### Work instruction
Transcribe only what runs from the line containing "Michelle bombshell zeigt" through the end of the listing, line for line and exactly, and omit the pictures.

### Data segment
- Opening Delimiter -
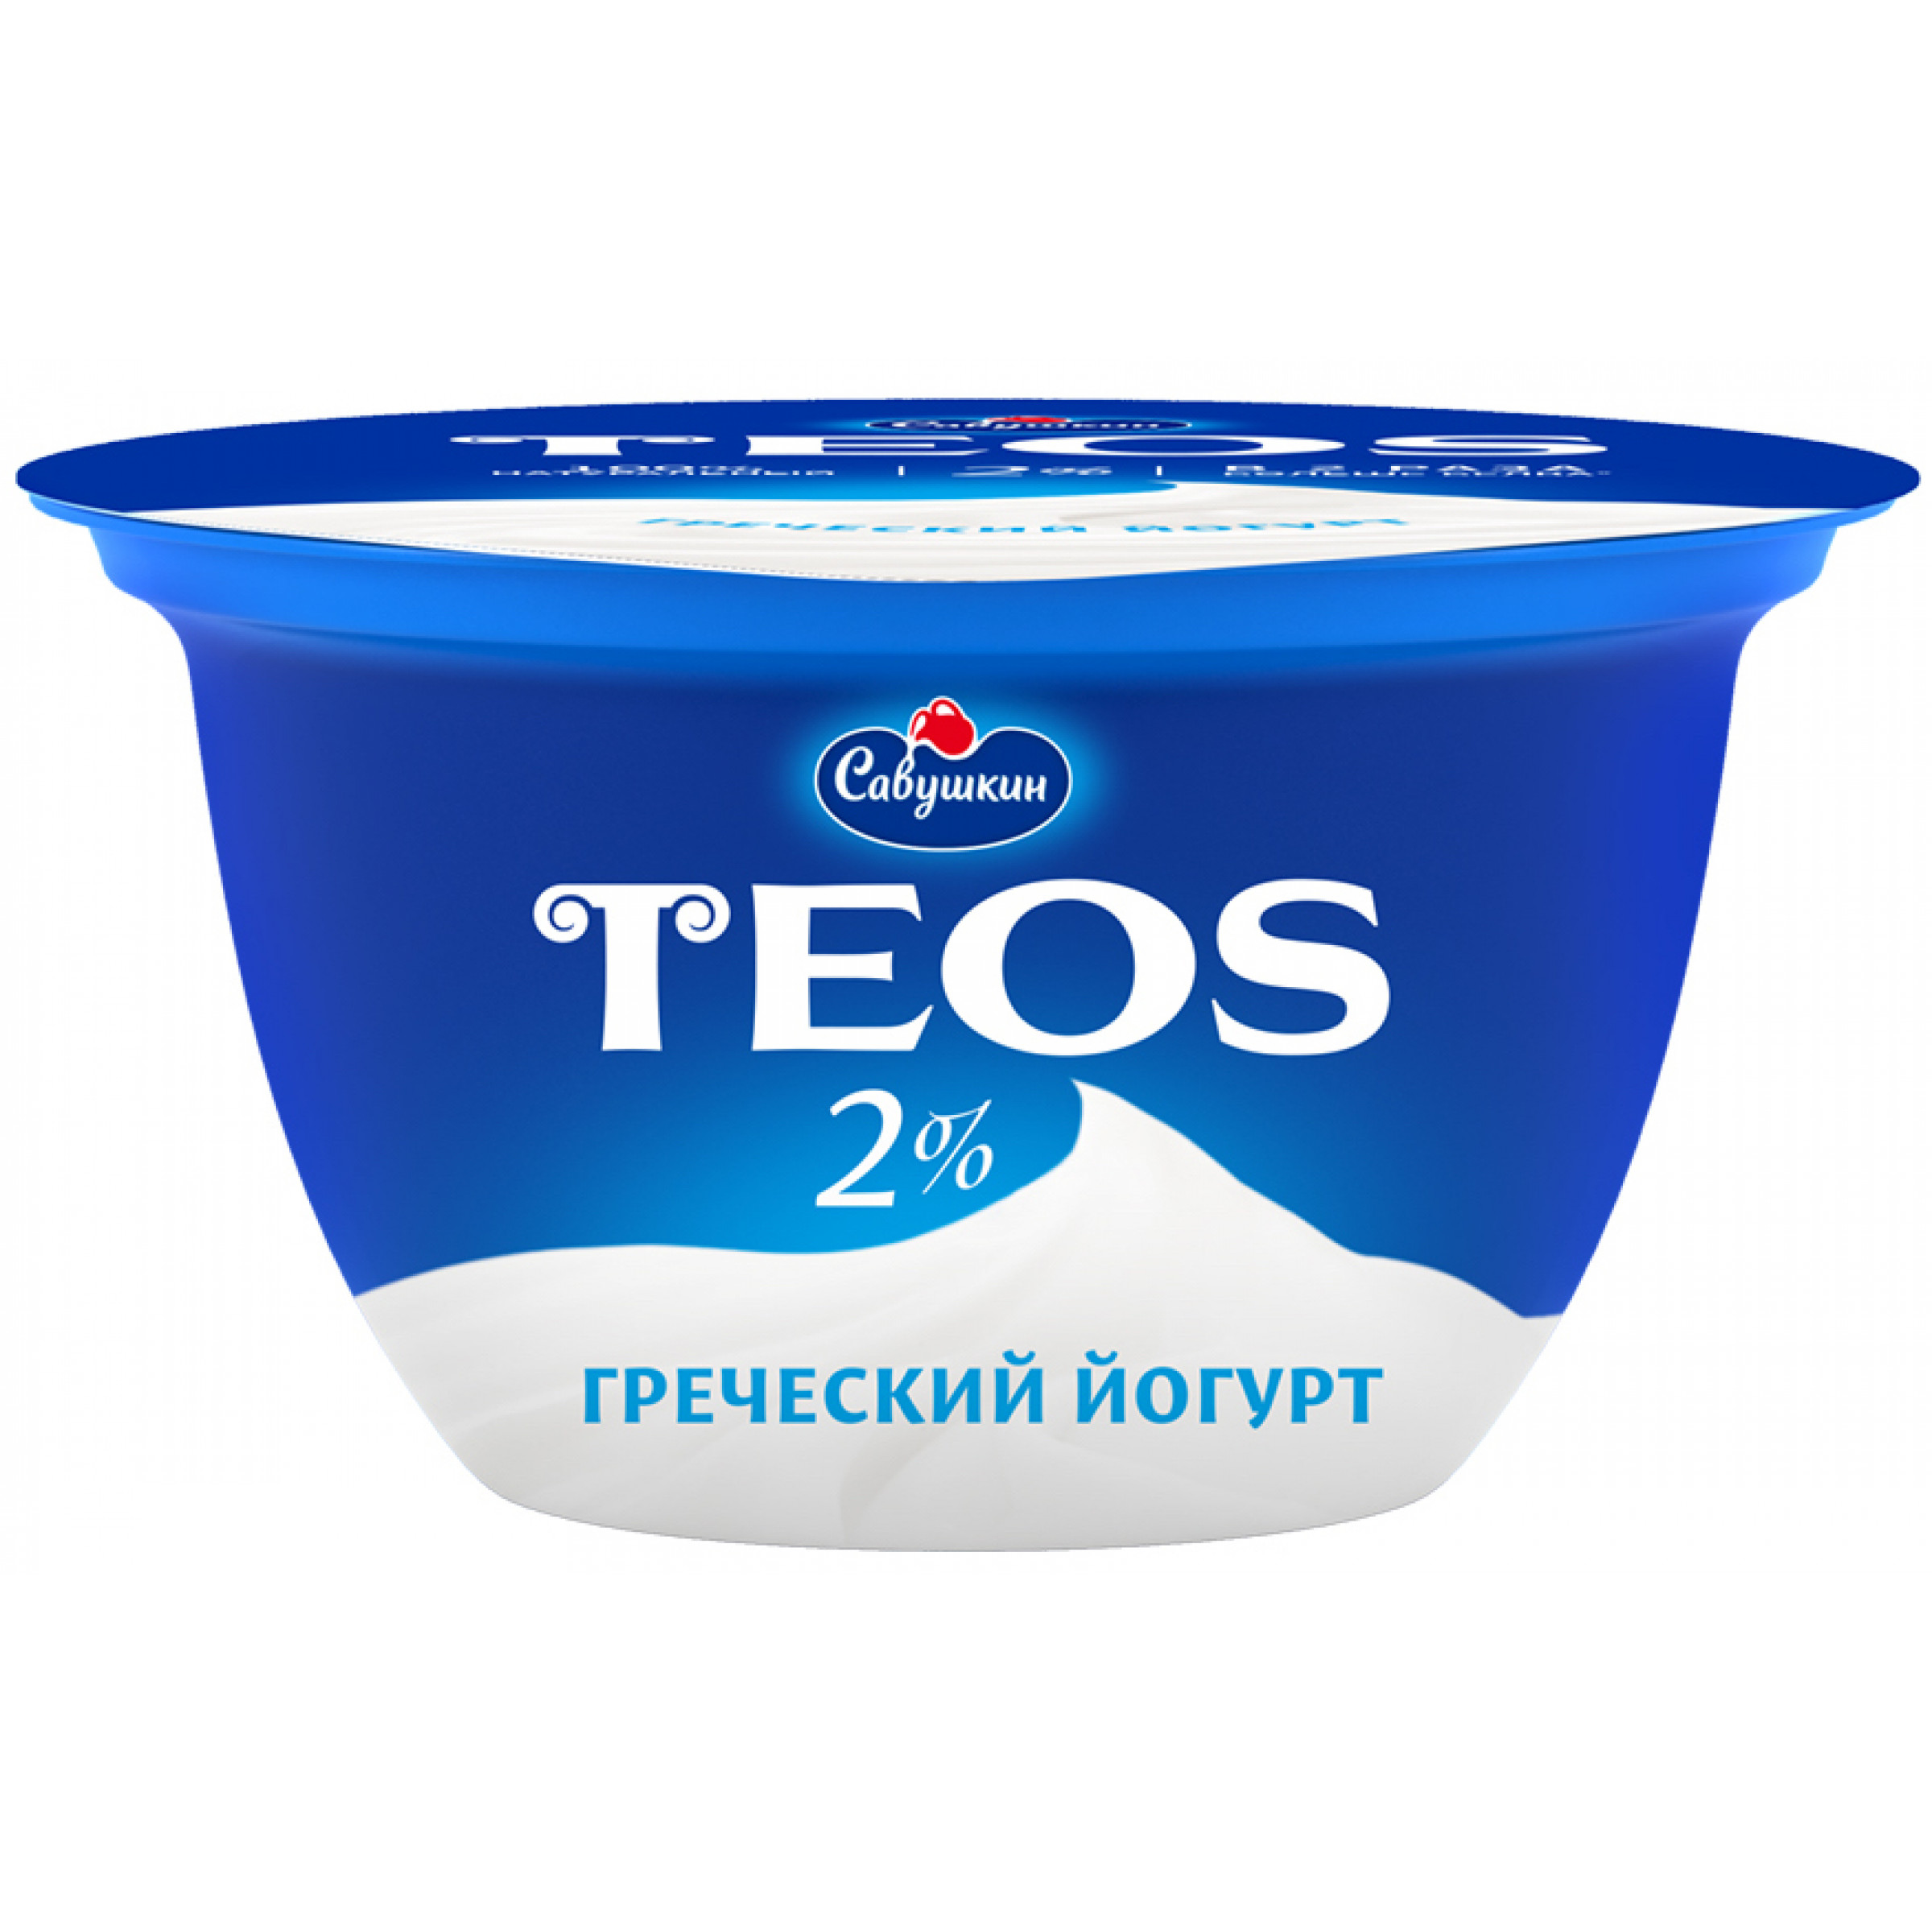 Греческий йогурт Teos 2% савушкин продукт, 140гр.
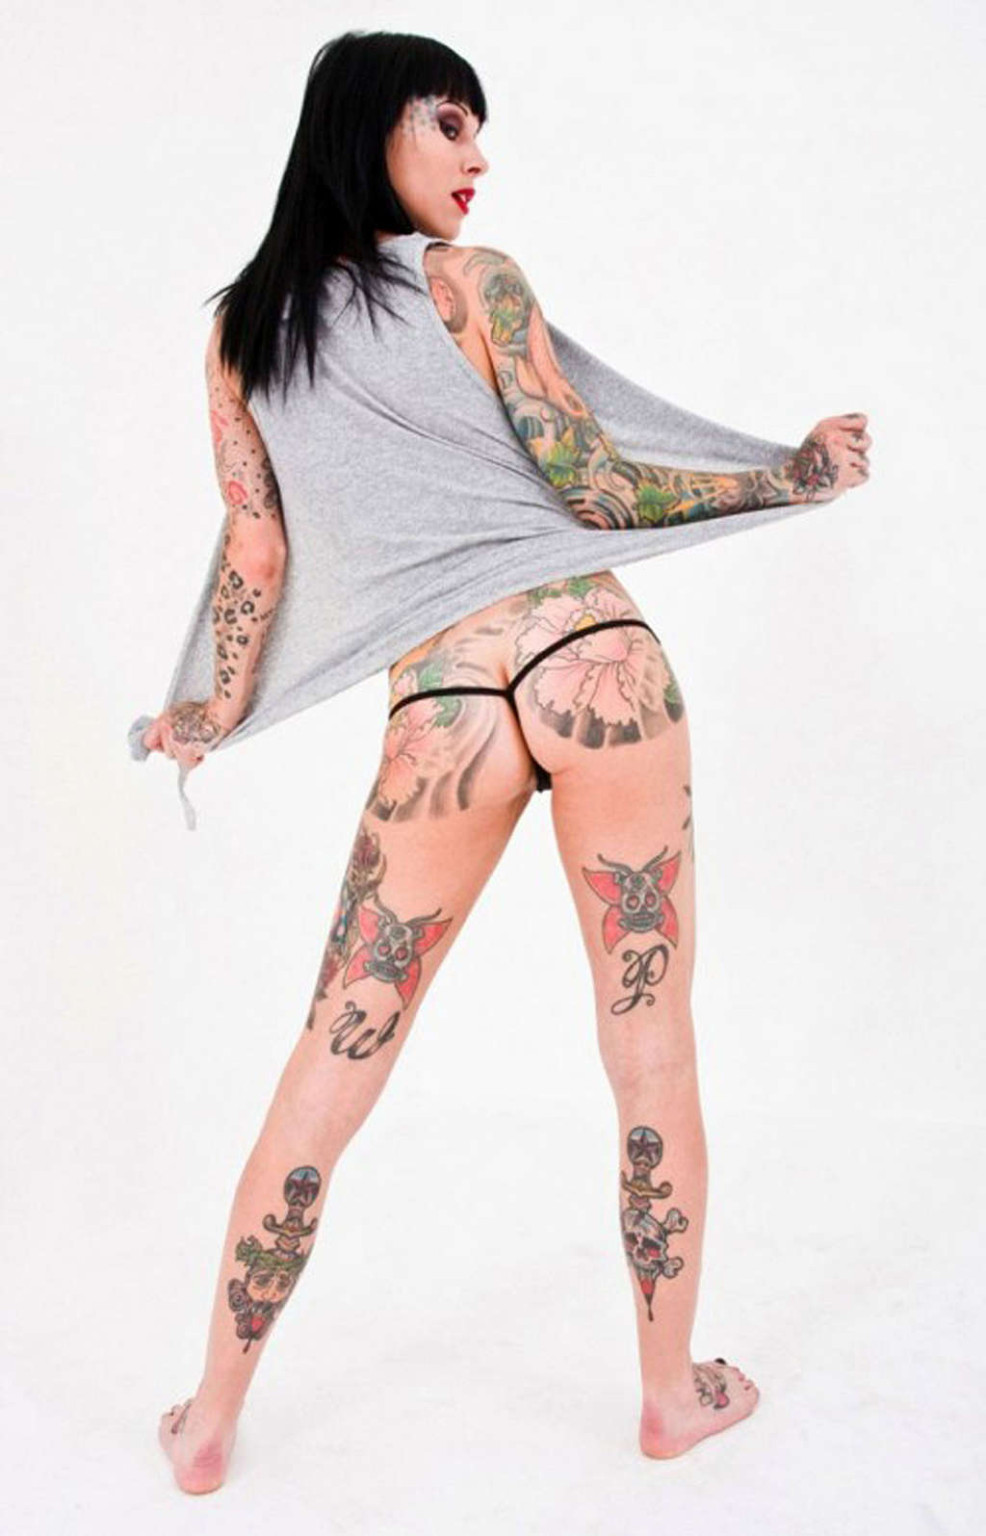 Michelle bombshell zeigt ihren nackten Körper und sexy Tattoos
 #75354899
- Closing Delimiter -
### Response to the exercise
 Michelle bombshell zeigt ihren nackten Körper und sexy Tattoos
 #75354899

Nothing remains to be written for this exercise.